WORK TASK: Your job is to print, exactly, the lines in the data below from the line with "A resilient mindset can weather any storm." through the line with "Property Management Companies", both included, and to omit any picture.
------ THE DATA ------
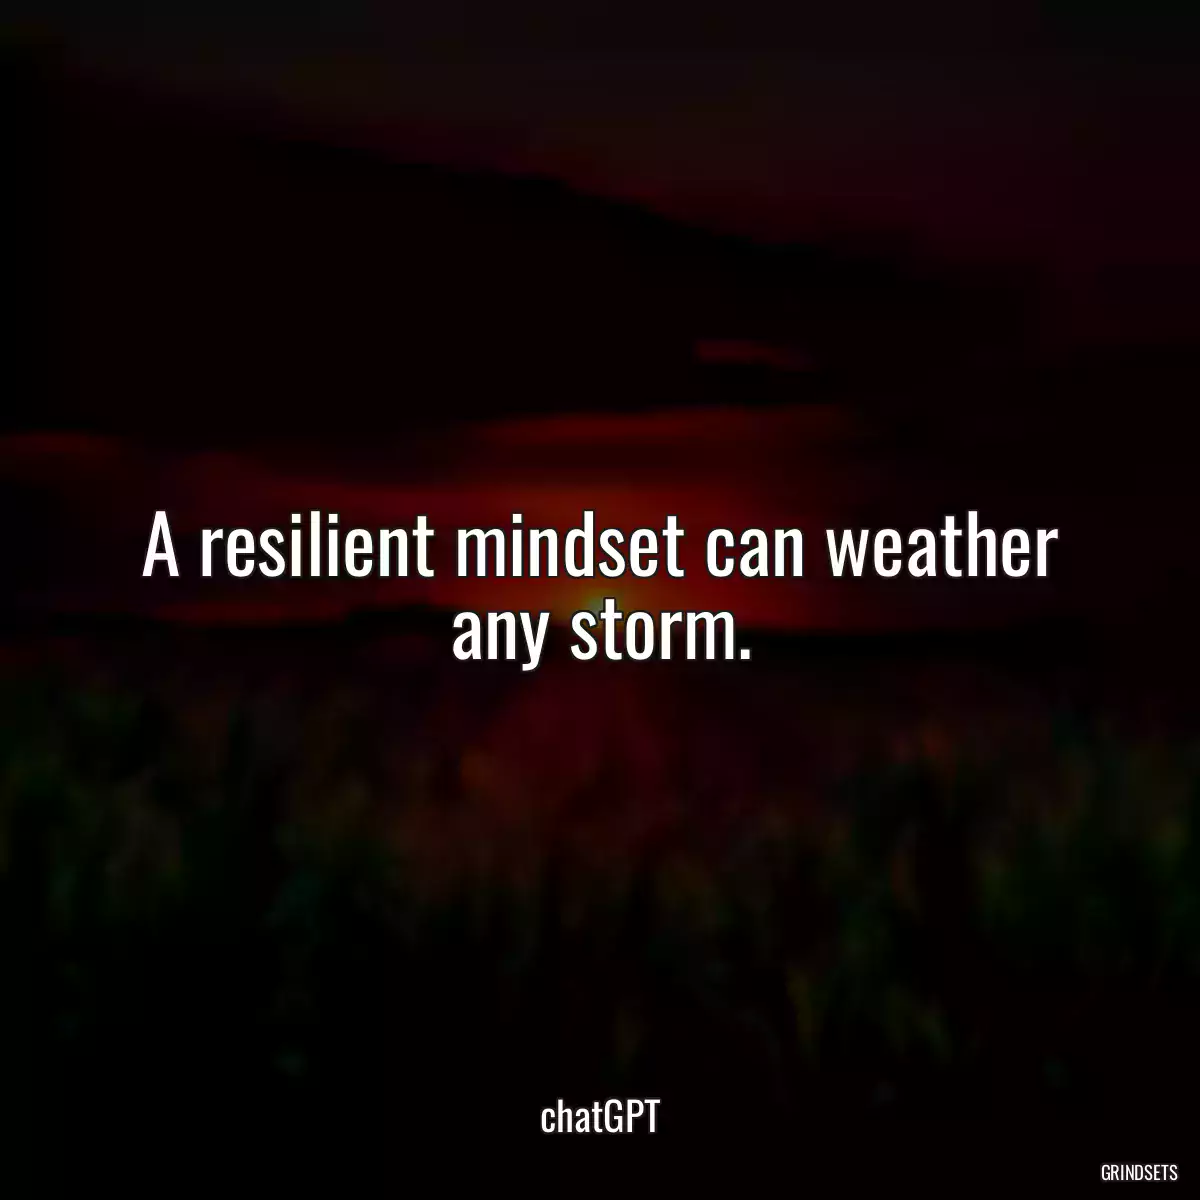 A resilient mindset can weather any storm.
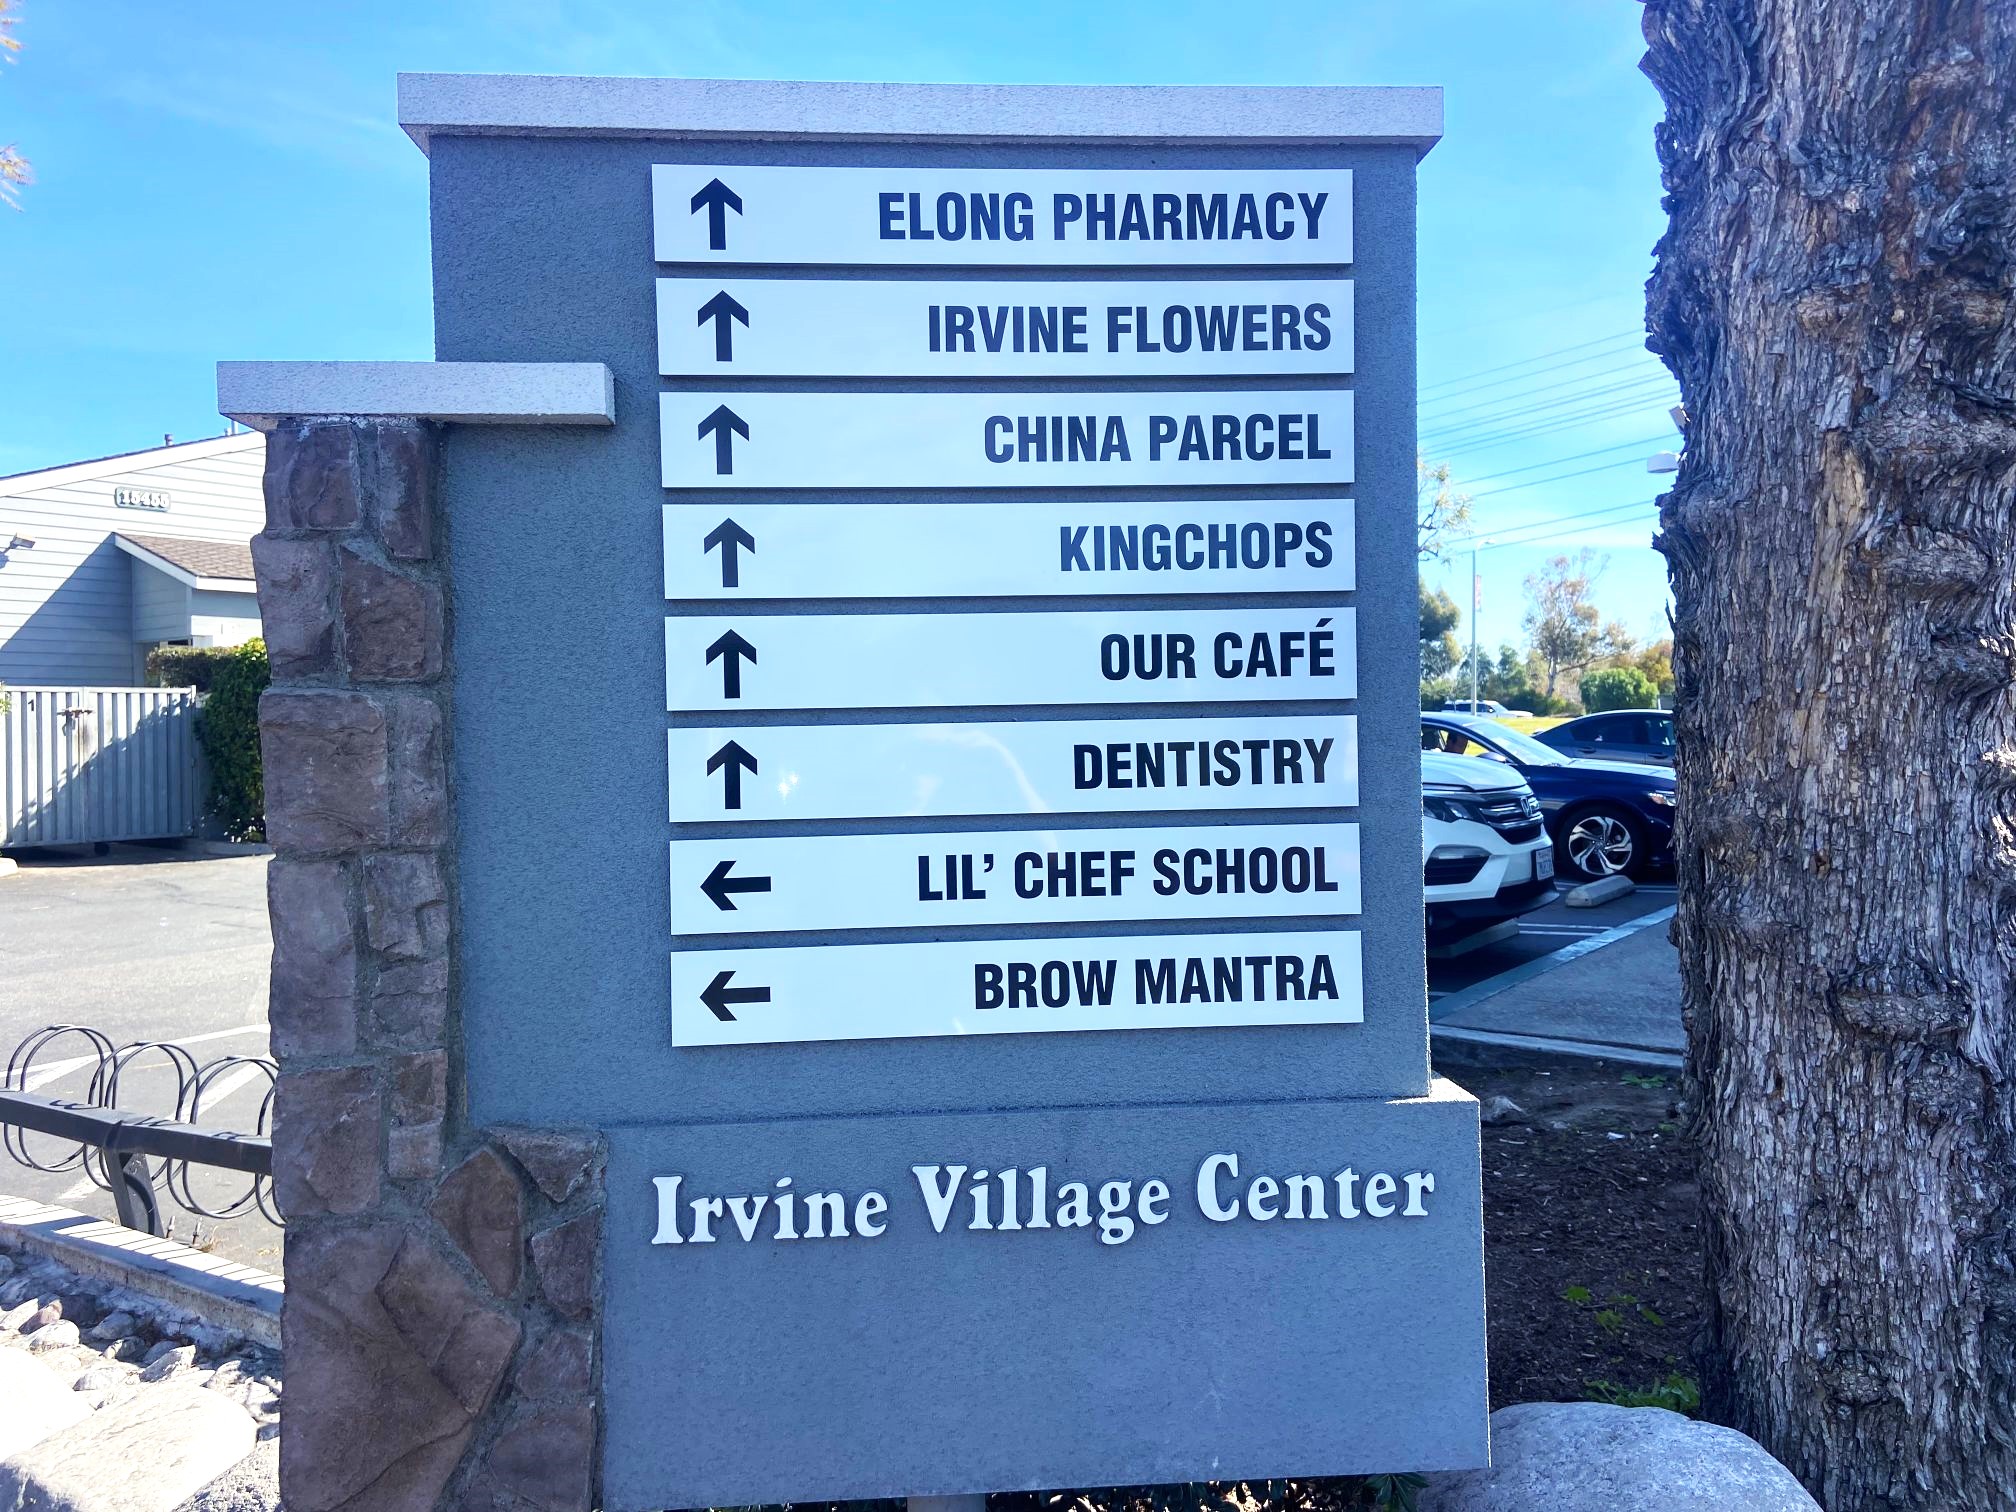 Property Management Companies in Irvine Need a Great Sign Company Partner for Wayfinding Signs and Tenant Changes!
------
------ THE DATA ------
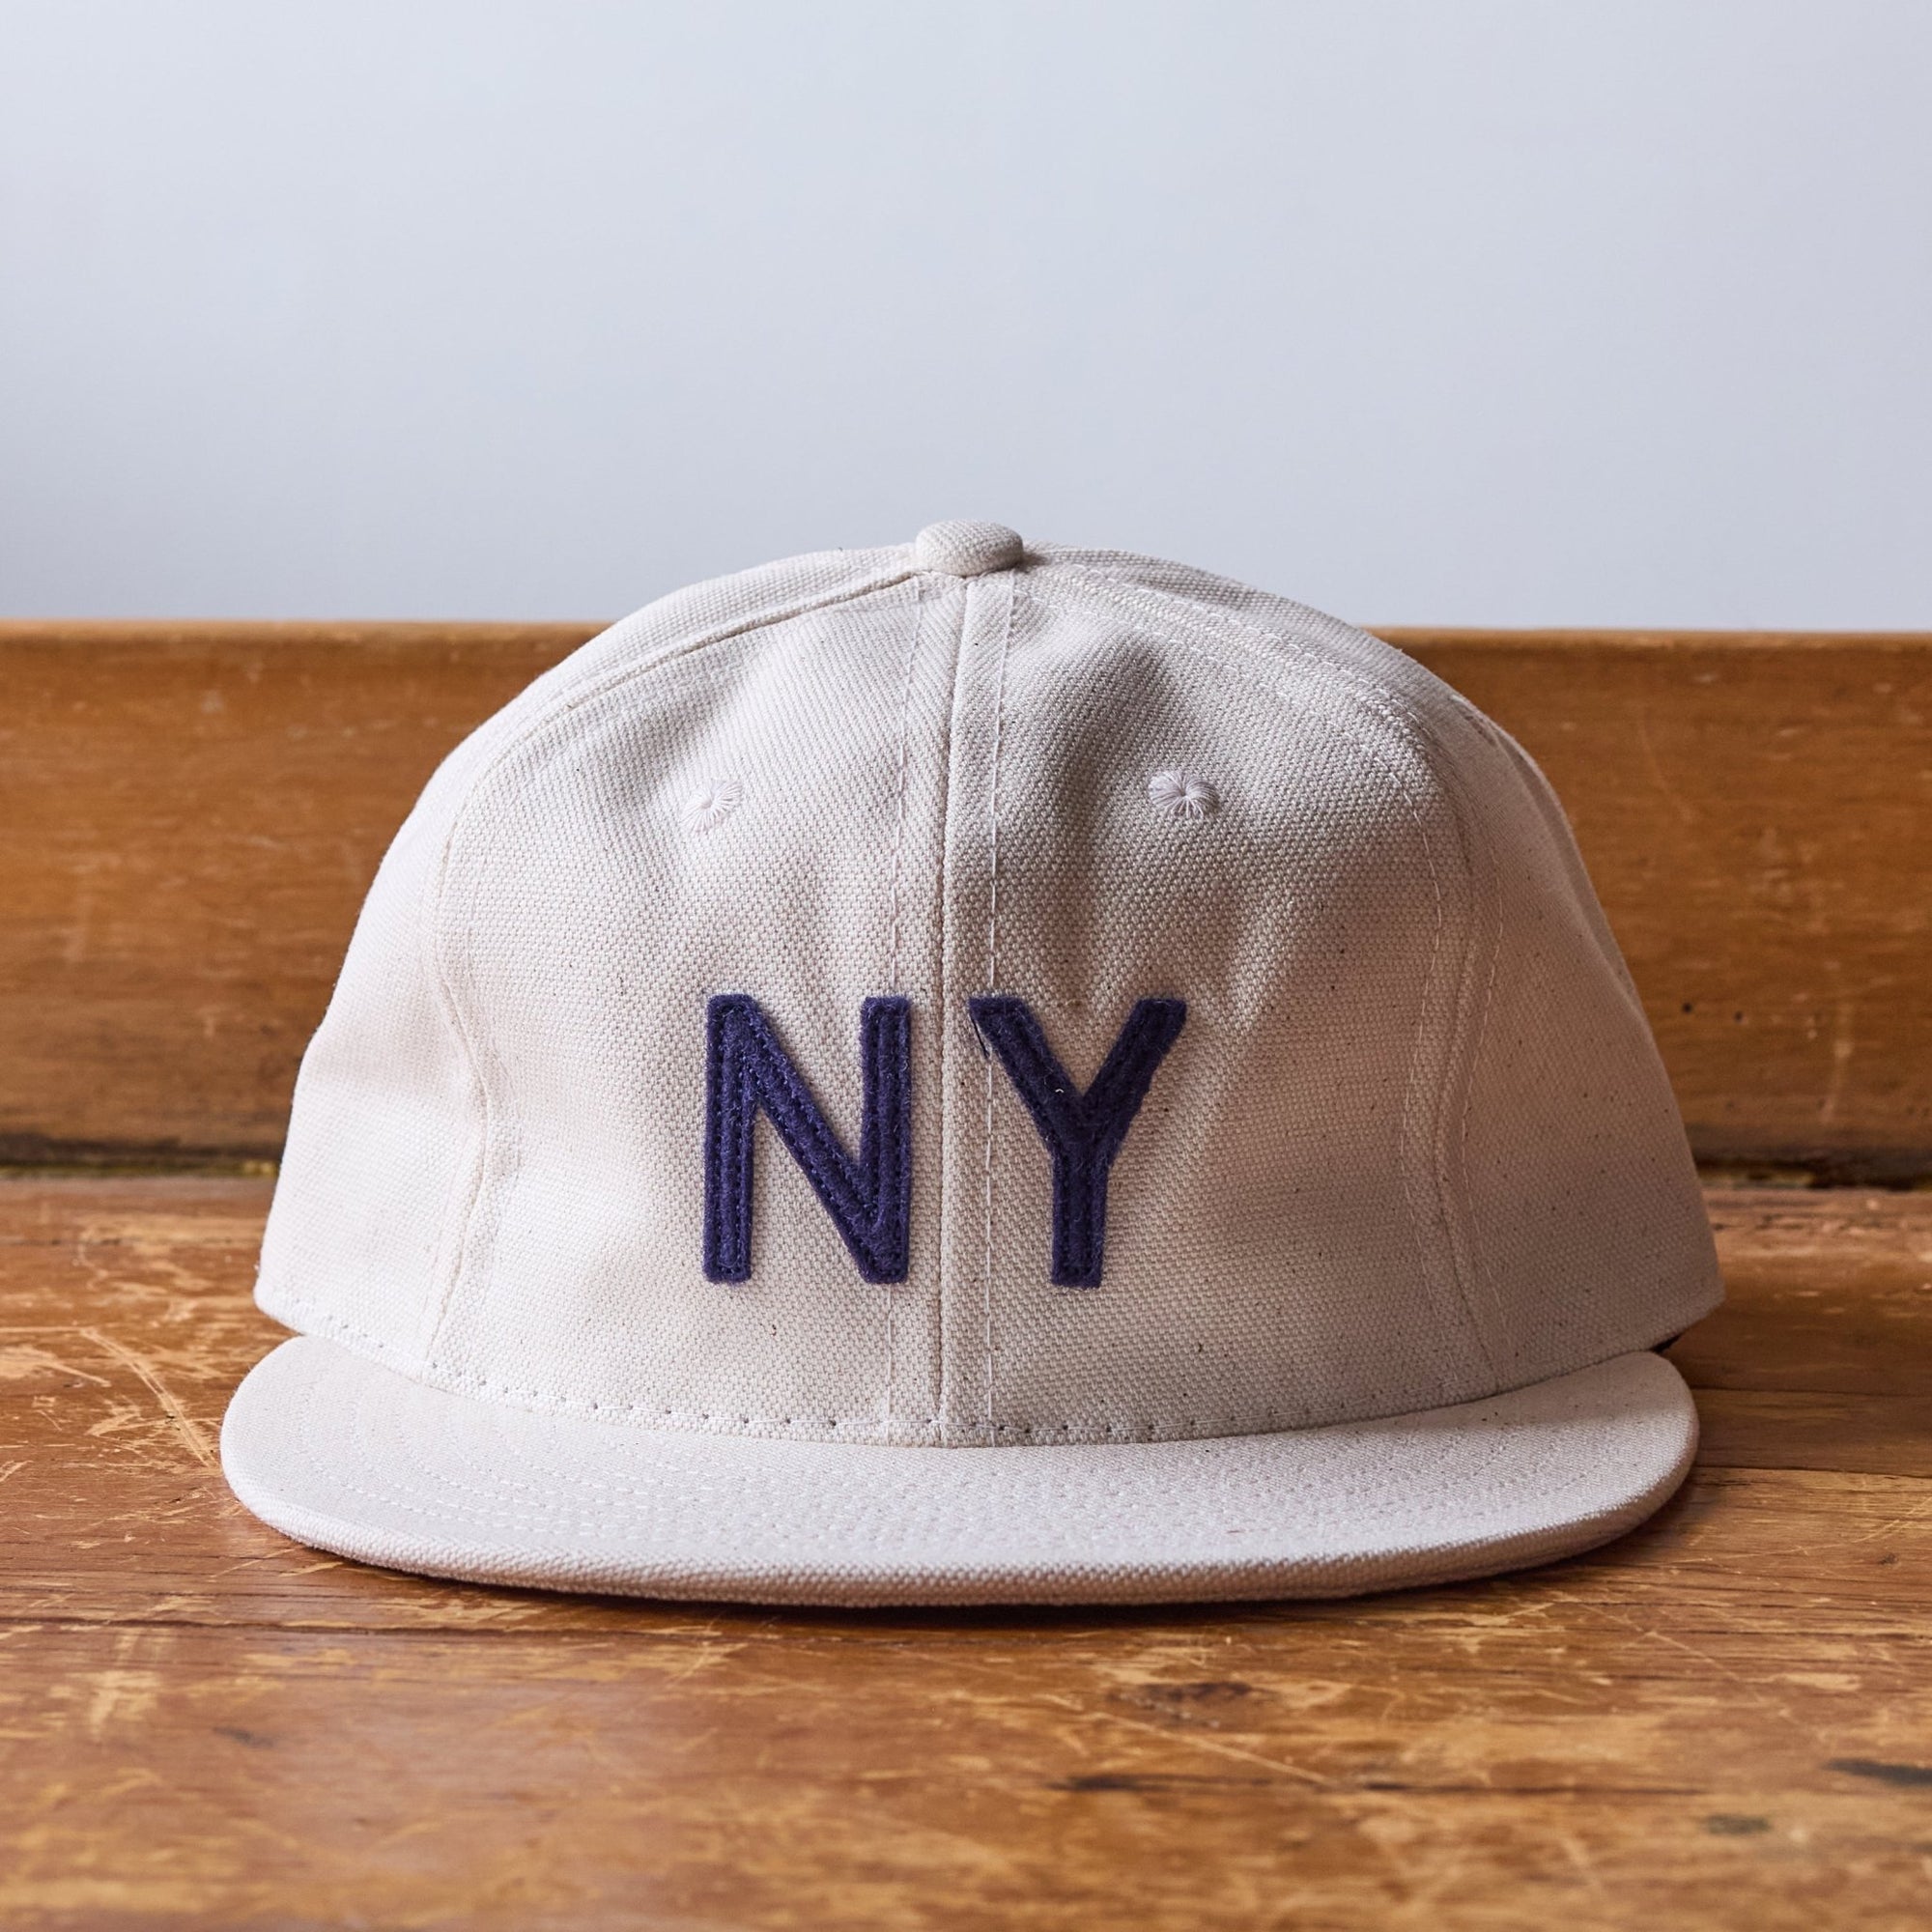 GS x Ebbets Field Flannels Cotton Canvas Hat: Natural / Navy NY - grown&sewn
------
PROBLEM SOLUTION:
 A resilient mindset can weather any storm.
 Property Management Companies in Irvine Need a Great Sign Company Partner for Wayfinding Signs and Tenant Changes!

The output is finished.